_Provided data_:
+--

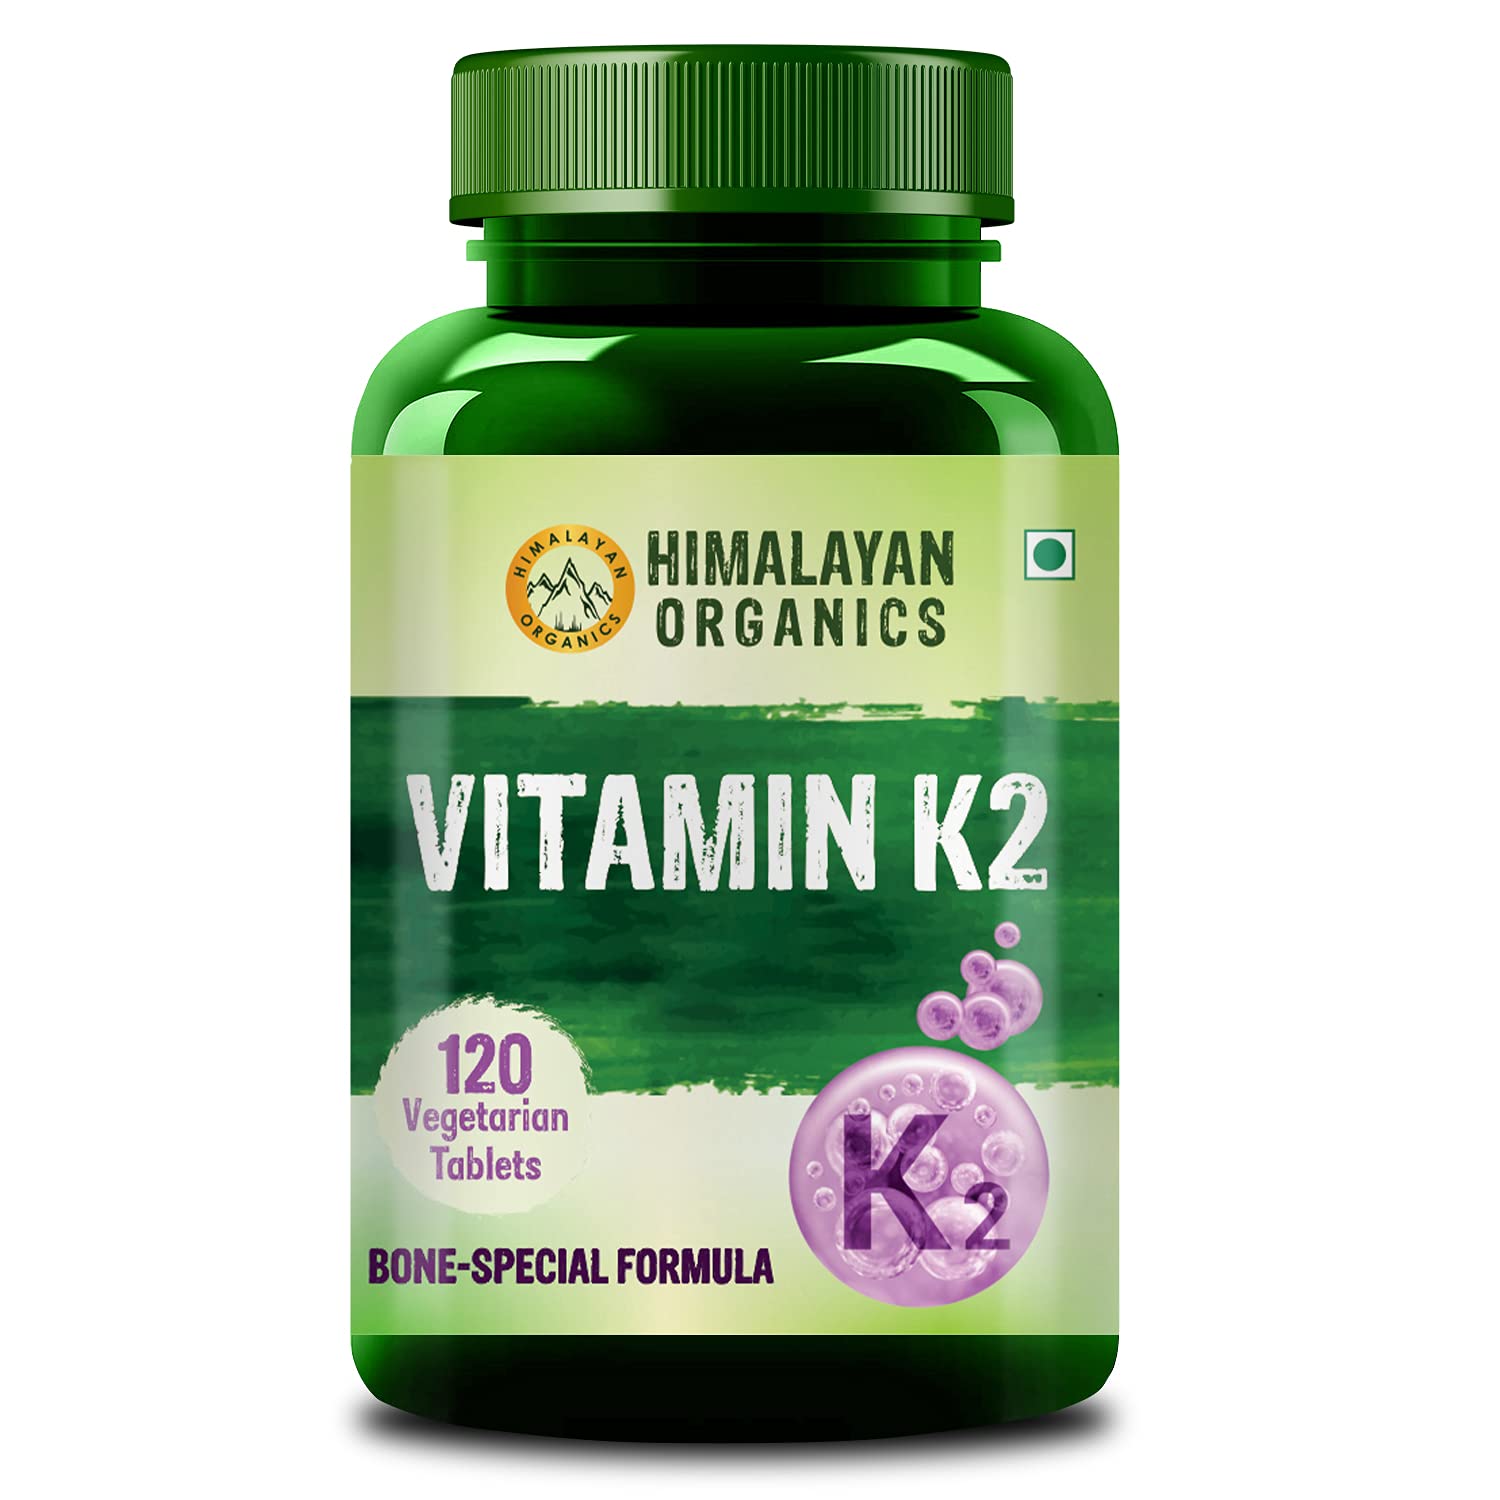 Himalayan Organics Vitamin K2 Tablets Image
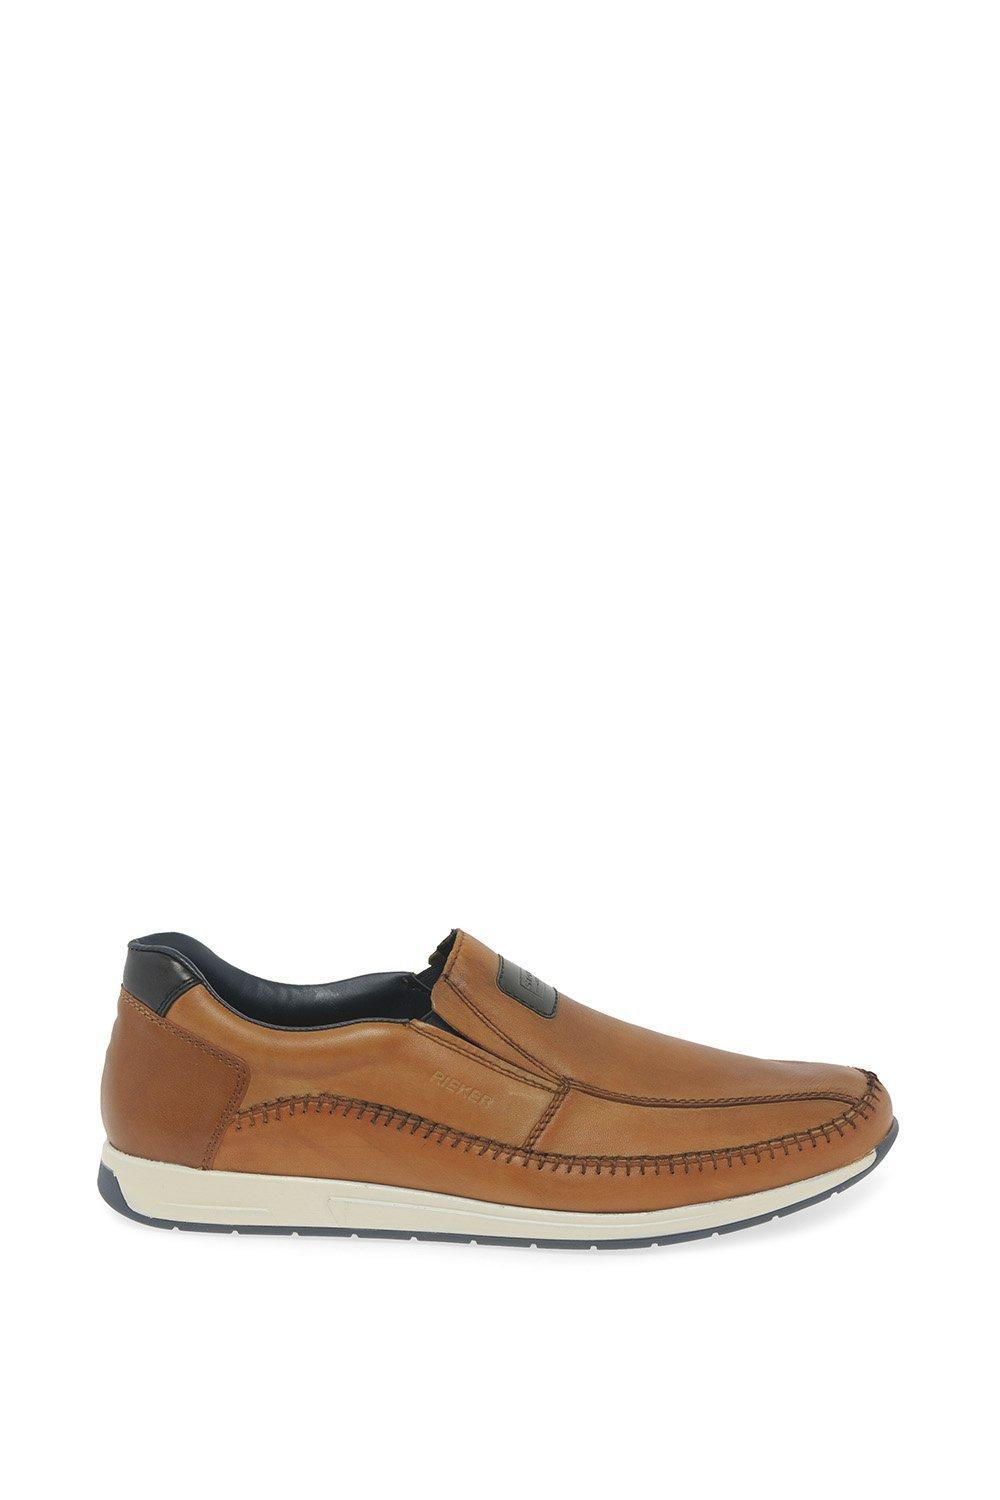 Туфли без шнуровки 'Tempo' Rieker, коричневый туфли без шнуровки benjy ii bugatti коричневый
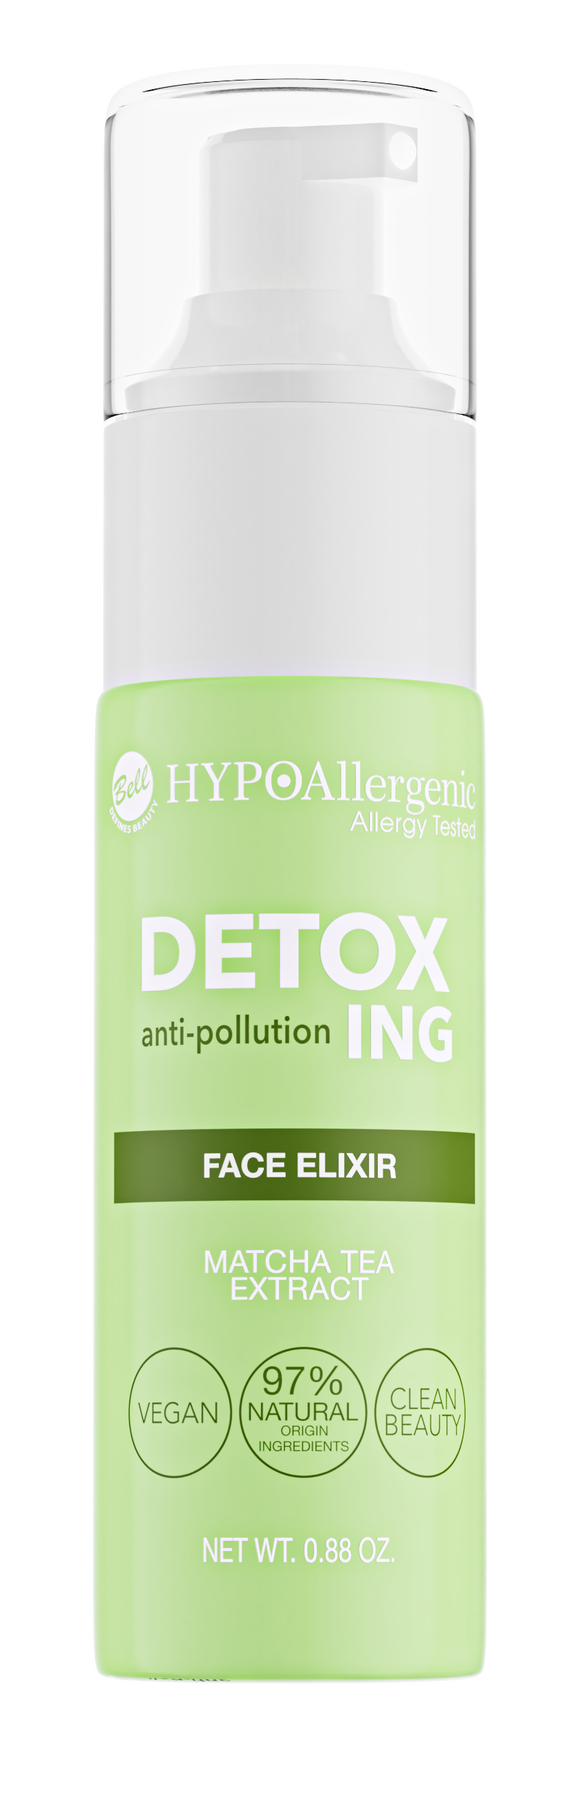 Bell Hypoallergenic Detoxing Face Elixir Antioxidant Under Makeup Serum with  with Matcha Tea Extract Anti - Pollution & Vegan 25g

+--

_Work to be completed_:
Working from the material above, transcribe it exactly while omitting pictures.

_The answer_:
 Himalayan Organics Vitamin K2 Tablets Image
 Туфли без шнуровки 'Tempo' Rieker, коричневый туфли без шнуровки benjy ii bugatti коричневый
 Bell Hypoallergenic Detoxing Face Elixir Antioxidant Under Makeup Serum with  with Matcha Tea Extract Anti - Pollution & Vegan 25g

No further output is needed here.